Skip to content
Reinhard Mucha -  - Exhibitions - Luhring Augustine

Luhring Augustine is pleased to announce an exhibition of iconic works by Reinhard Mucha, selected from throughout the artist’s career. Opening at our Chelsea gallery on November 14, the show marks the artist’s fifth solo exhibition with the gallery, and his first major presentation since his retrospective “Der Mucha: An Initial Suspicion” at the Kunstsammlung Nordrhein-Westfalen in Düsseldorf, Germany (2022-2023).

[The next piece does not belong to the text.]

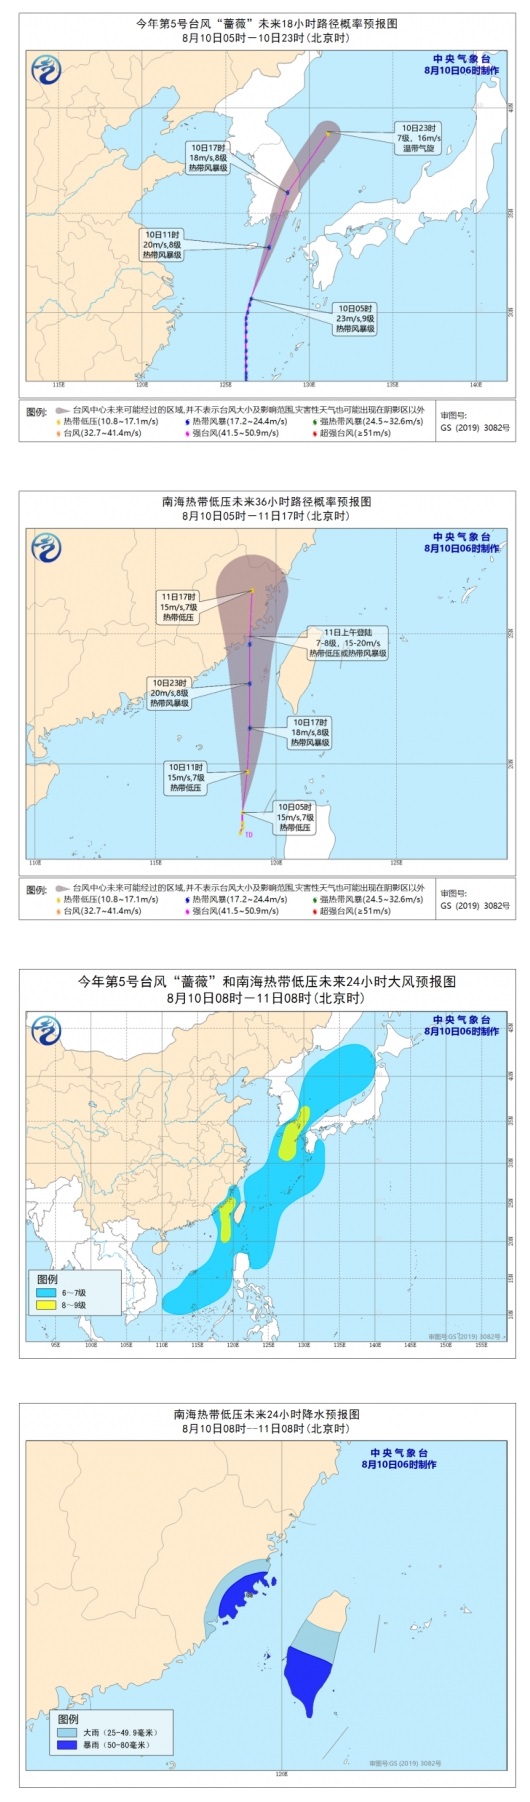 台风路径实时发布系统：台风蔷薇持续北移 福建沿海将有6-7级大风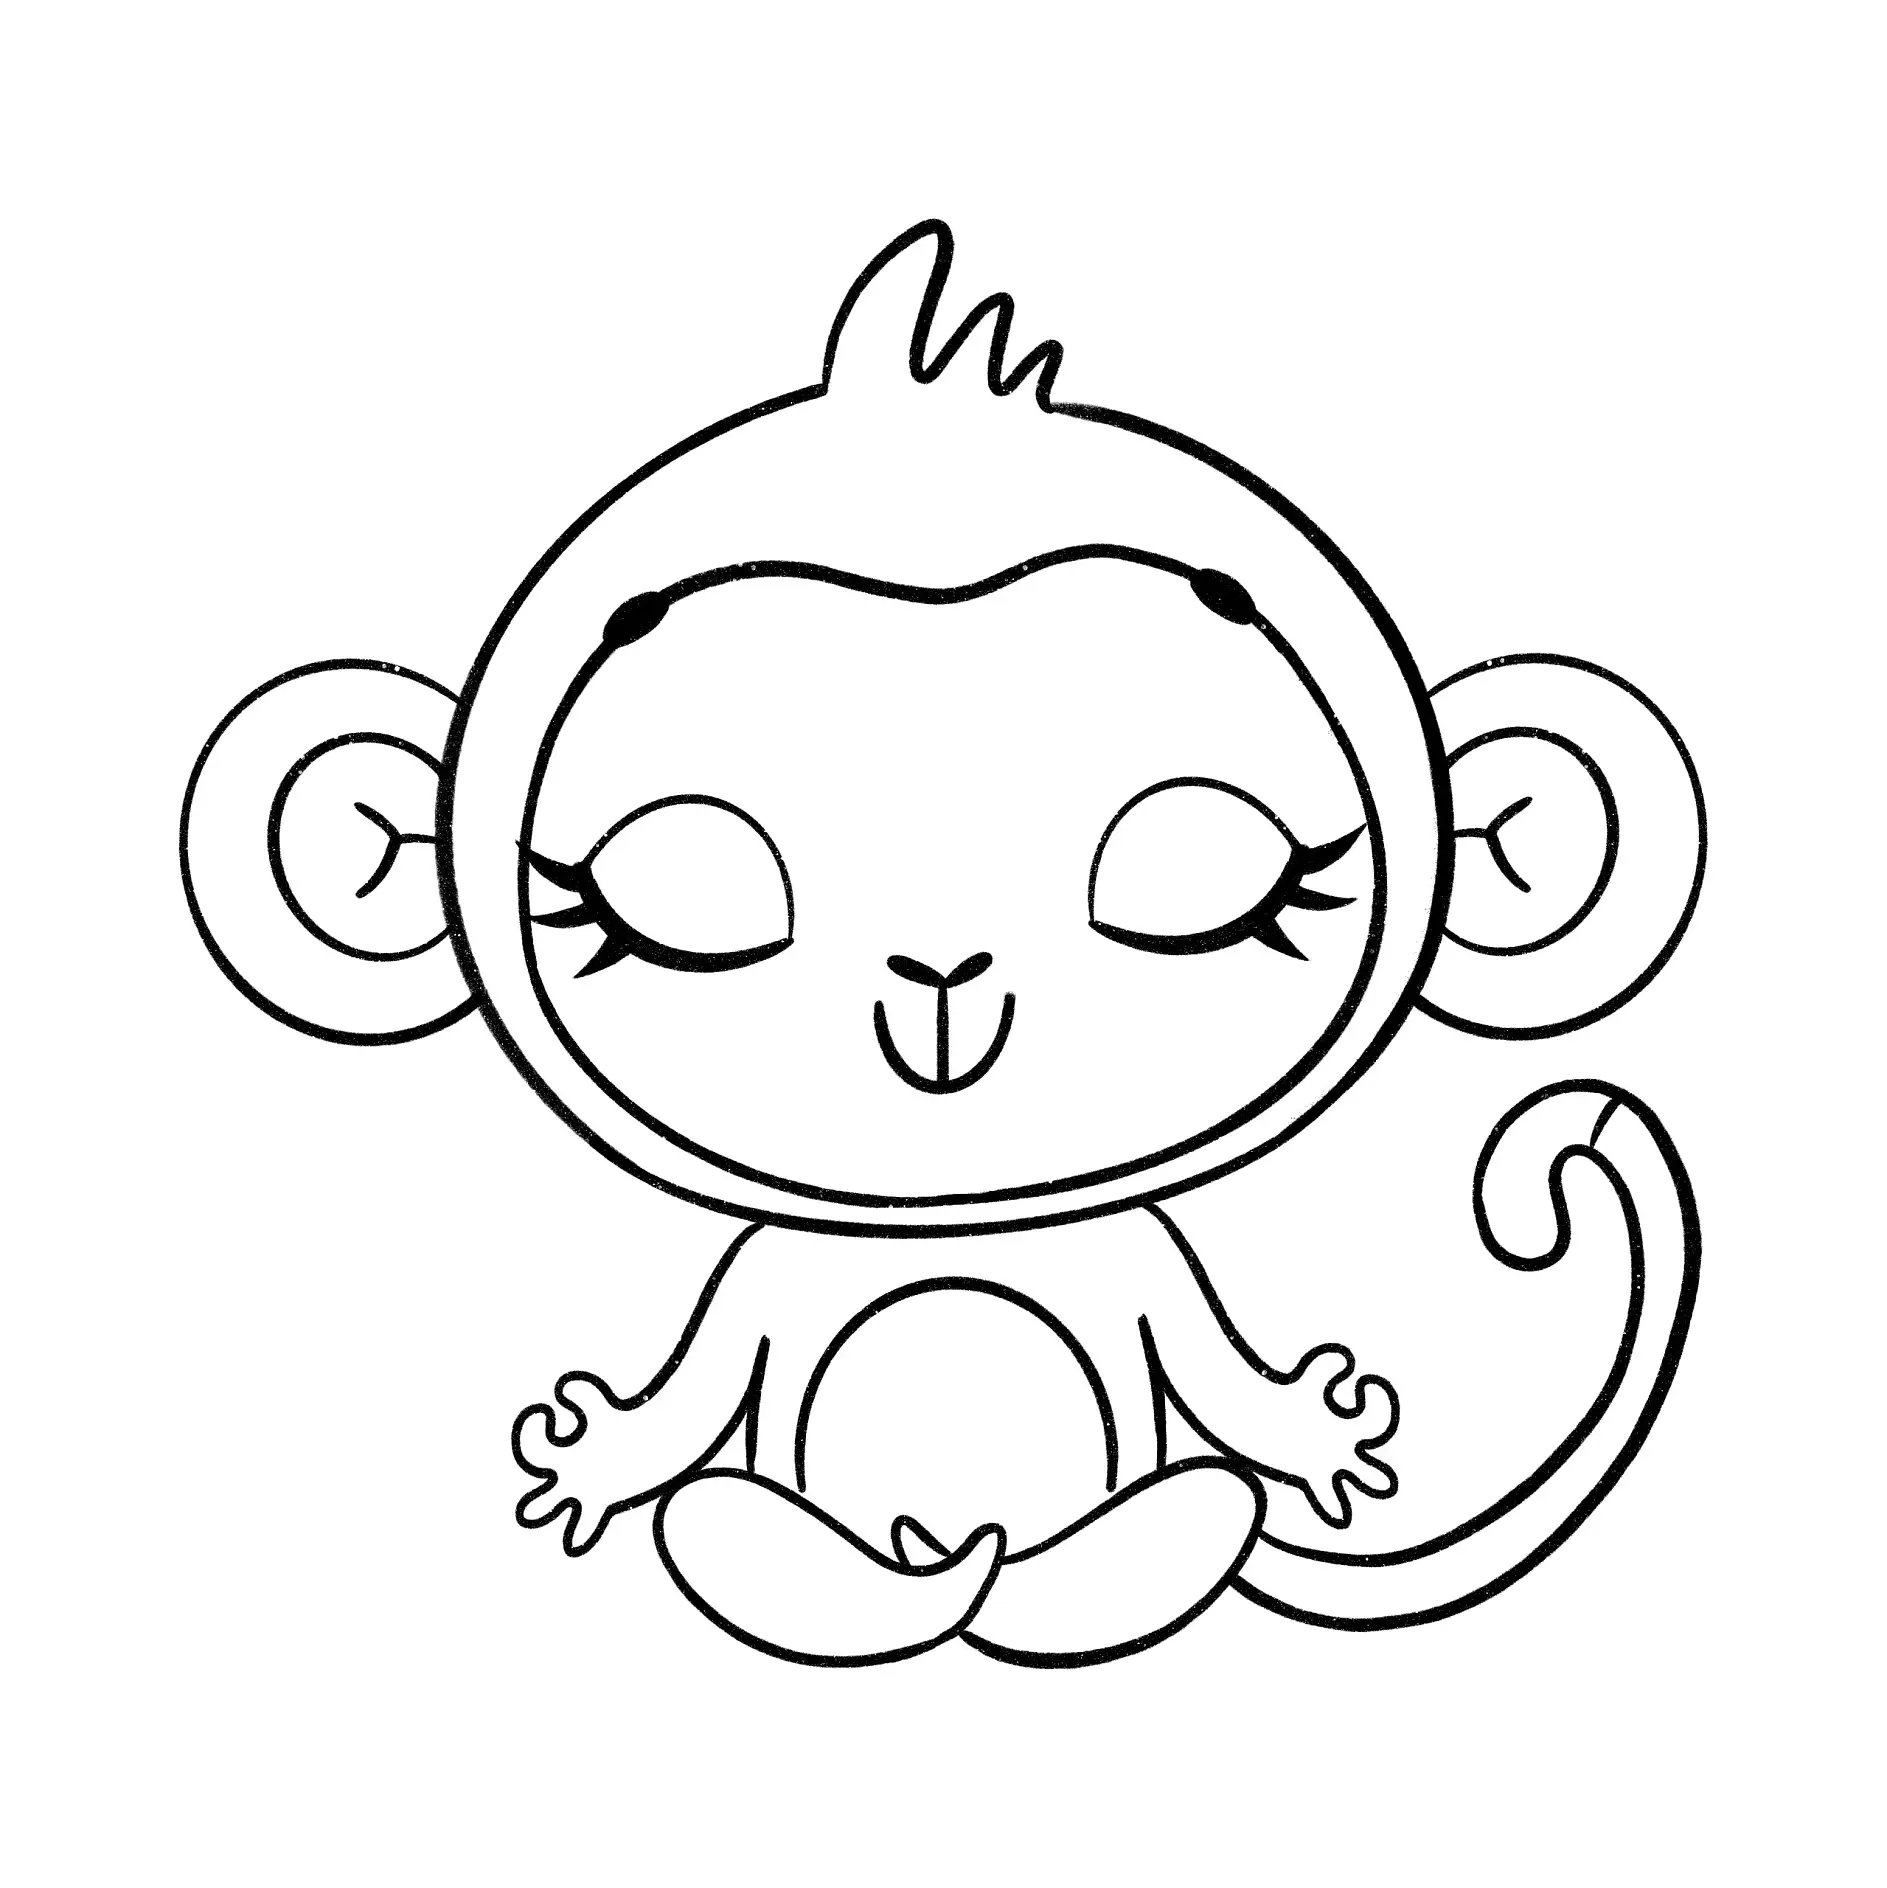 Ausmalbild Affe sitzt meditierend mit geschlossenen Augen

Throughout Mucha’s artistic production of the past five decades run numerous themes that include collective identity, memory, nationhood, the psychology of architecture and institutional power, the museum as the locus for the creation of history, and the merging of industrial, historical, and political landscapes. Mucha’s complex work penetrates several dualities: connectivity and isolation, temporality and permanence, intimate narrative and national history, progress and stasis. For this exhibition, seven of Mucha's emblematic vitrine works along with the free-standing sculpture, Baden-Baden / Standard II, will be presented in a site-specific installation devised by the artist, which both acknowledges his own history with the gallery’s exhibition space and highlights the rigorous, cohesive nature of his practice.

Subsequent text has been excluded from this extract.